> _TASK DESCRIPTION_
Copy the complete listing word for word, but do not carry over any images.

> _EXERCISE DATA_
########

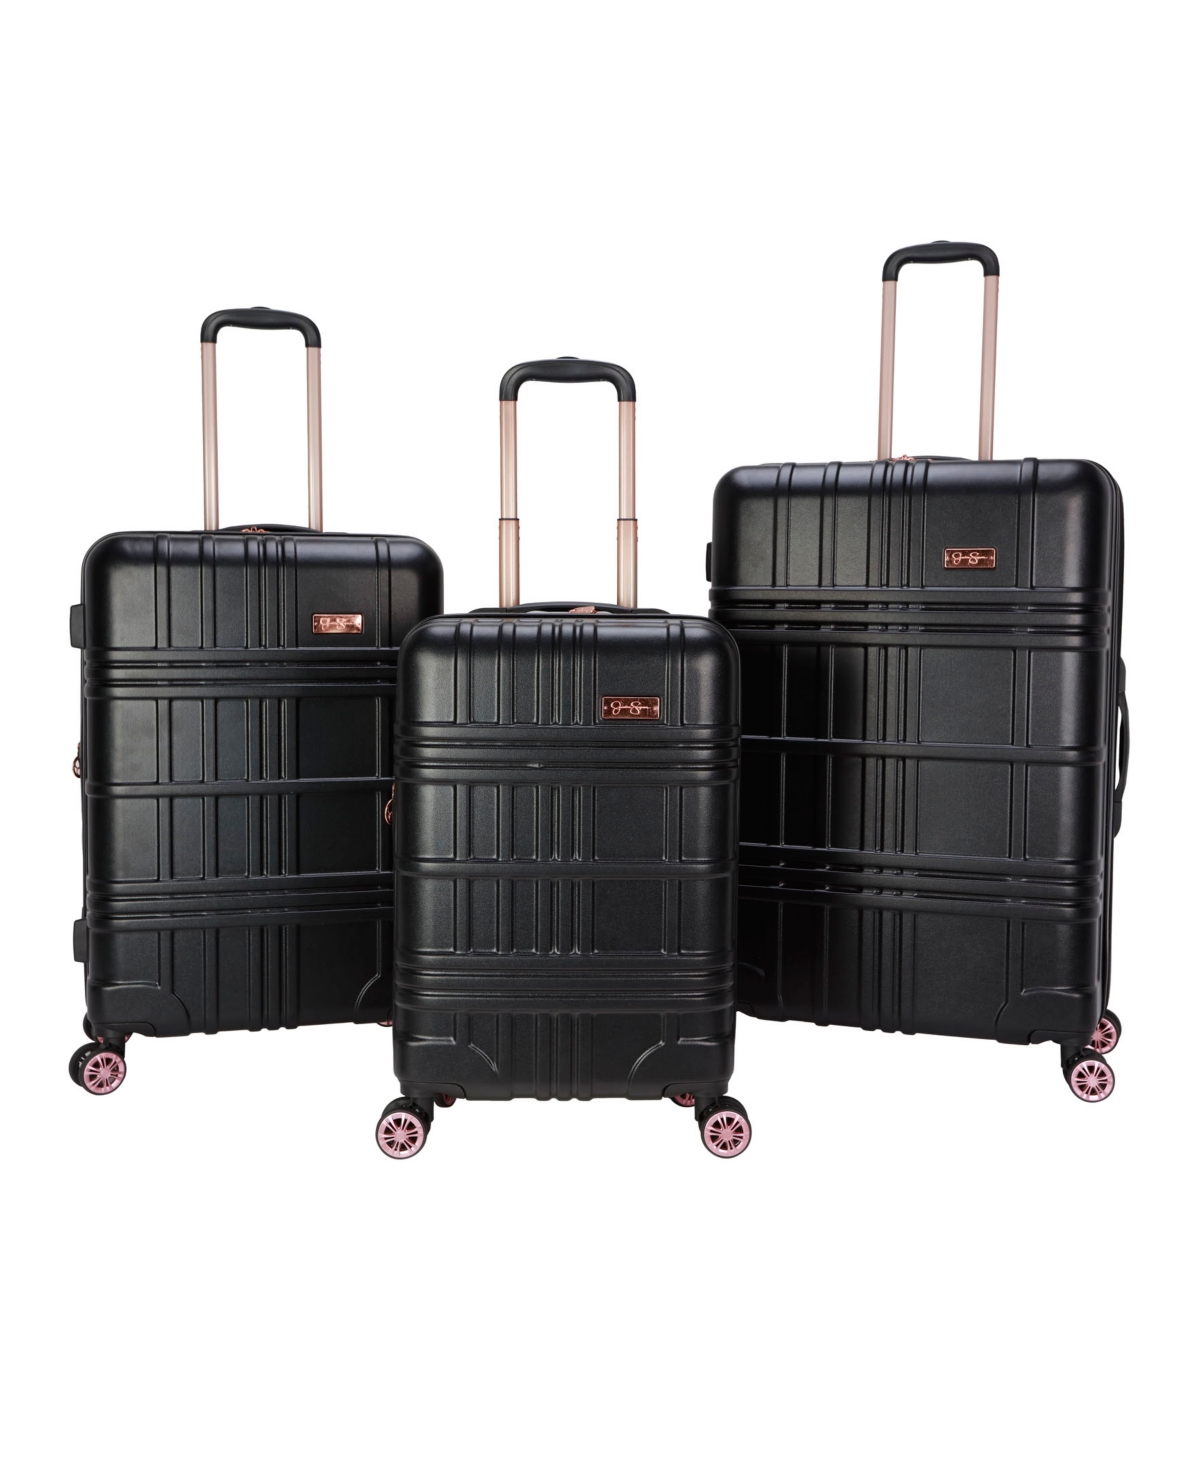 Jessica Simpson Jewel Plaid 3 Piece Hardside Luggage Set In Black
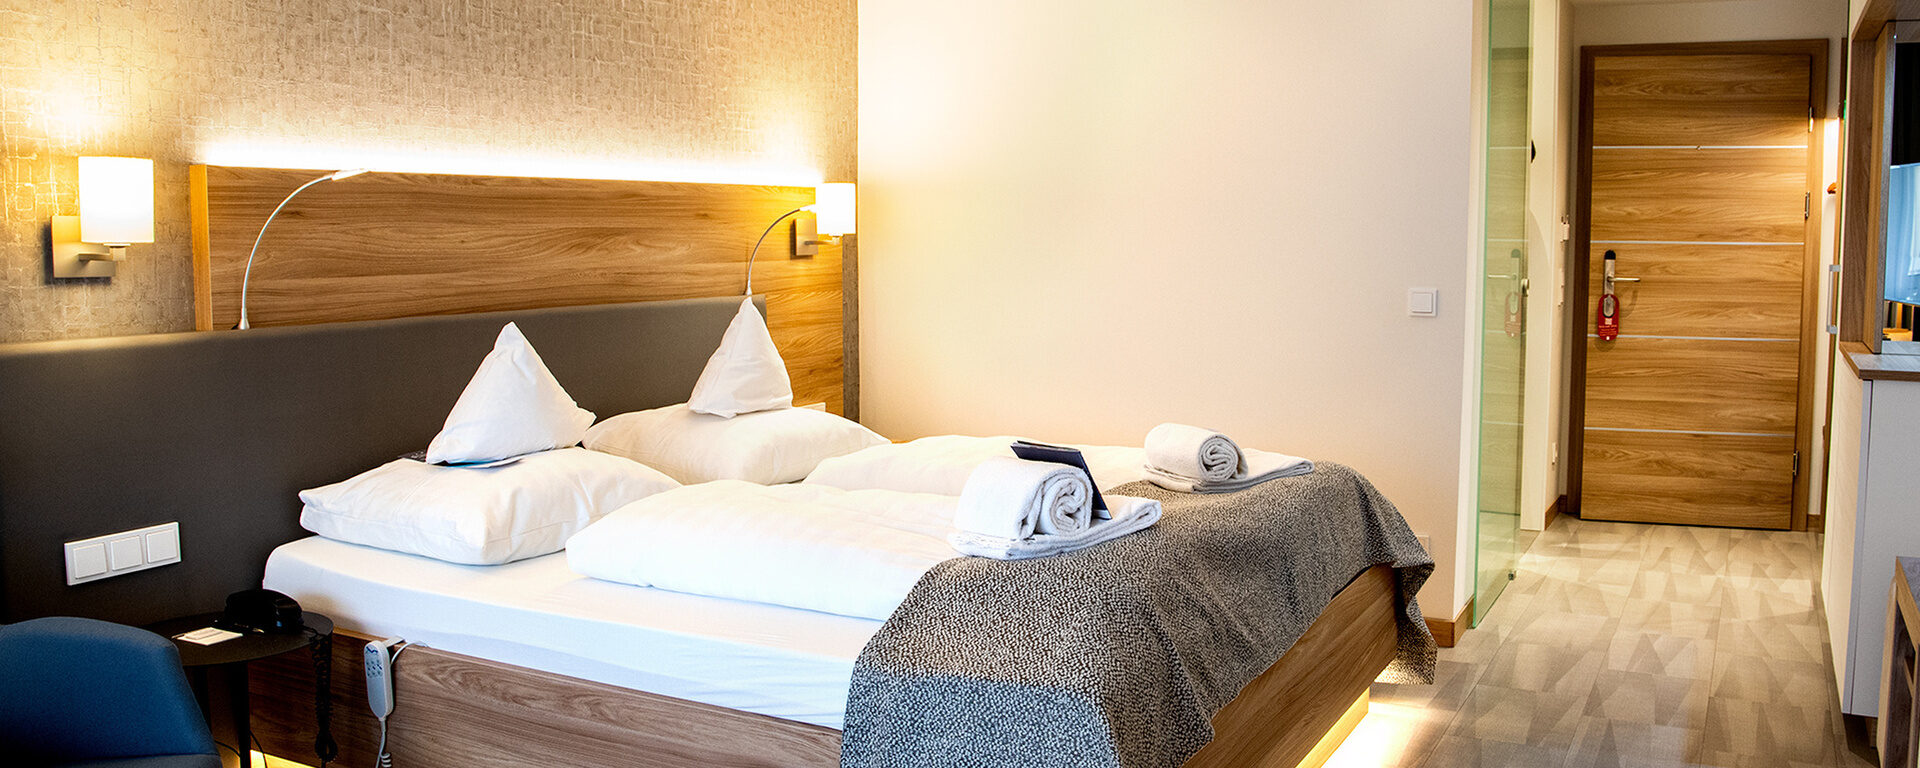 Im Hotel St. Wolfgang in Bad Griesbach heißen wir Sie willkommen mit sauberen, modern ausgestatteten Zimmern
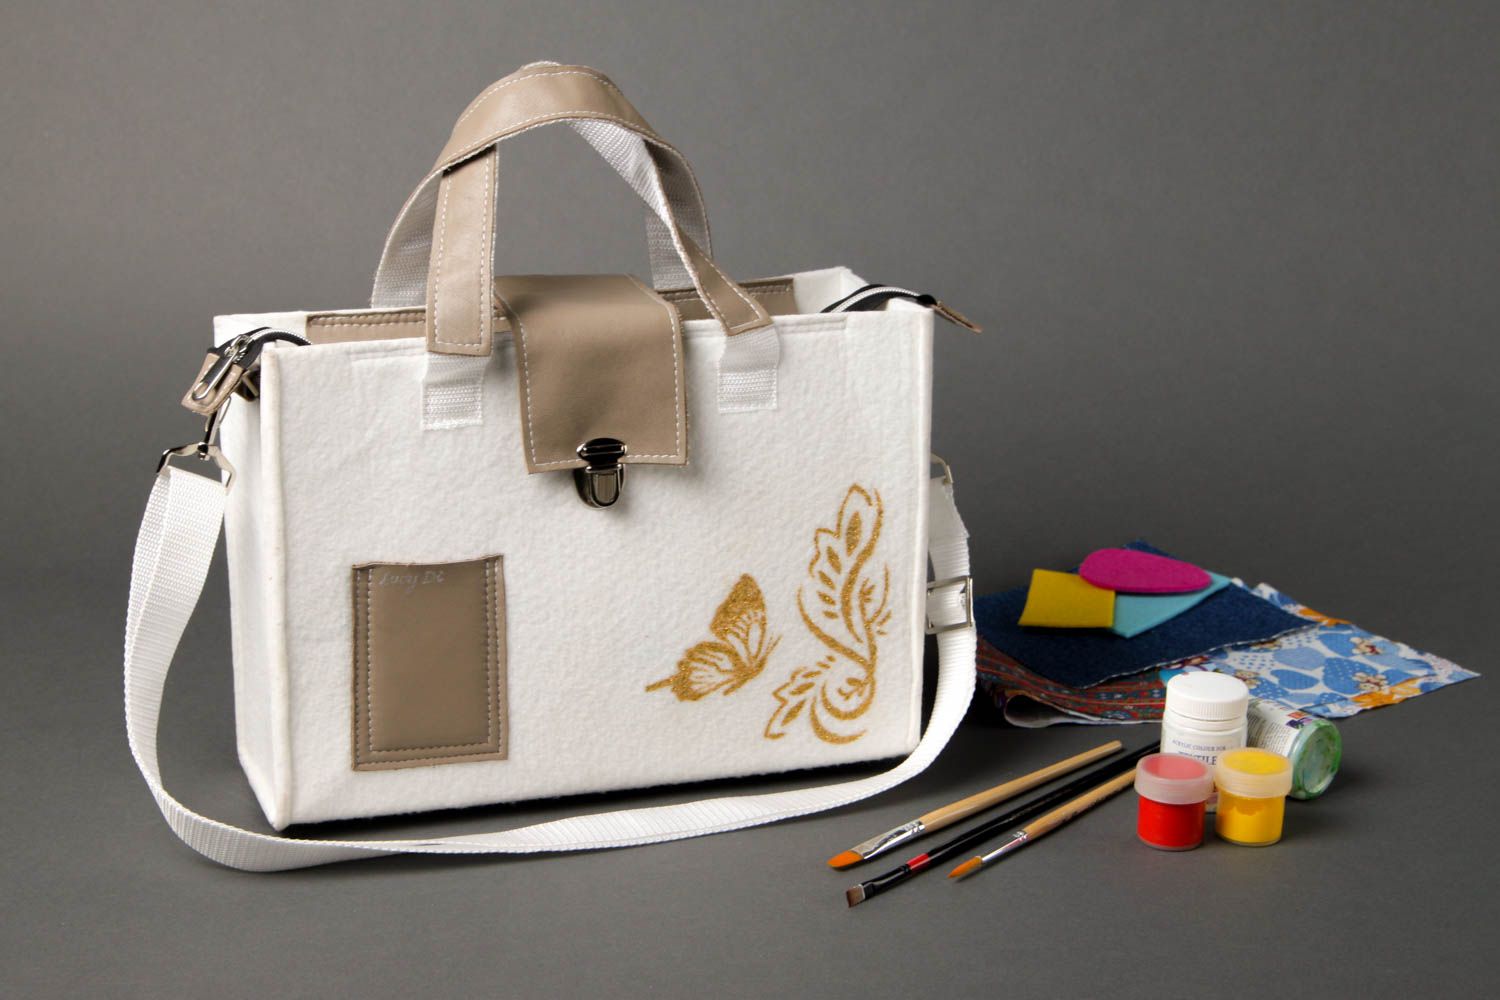 Сумка ручной работы женская сумка авторская тканевая сумка в деловом стиле фото 1

########

> _SOLUTION BELOW_
 Jessica Simpson Jewel Plaid 3 Piece Hardside Luggage Set In Black
 Im Hotel St. Wolfgang in Bad Griesbach heißen wir Sie willkommen mit sauberen, modern ausgestatteten Zimmern
 Сумка ручной работы женская сумка авторская тканевая сумка в деловом стиле фото 1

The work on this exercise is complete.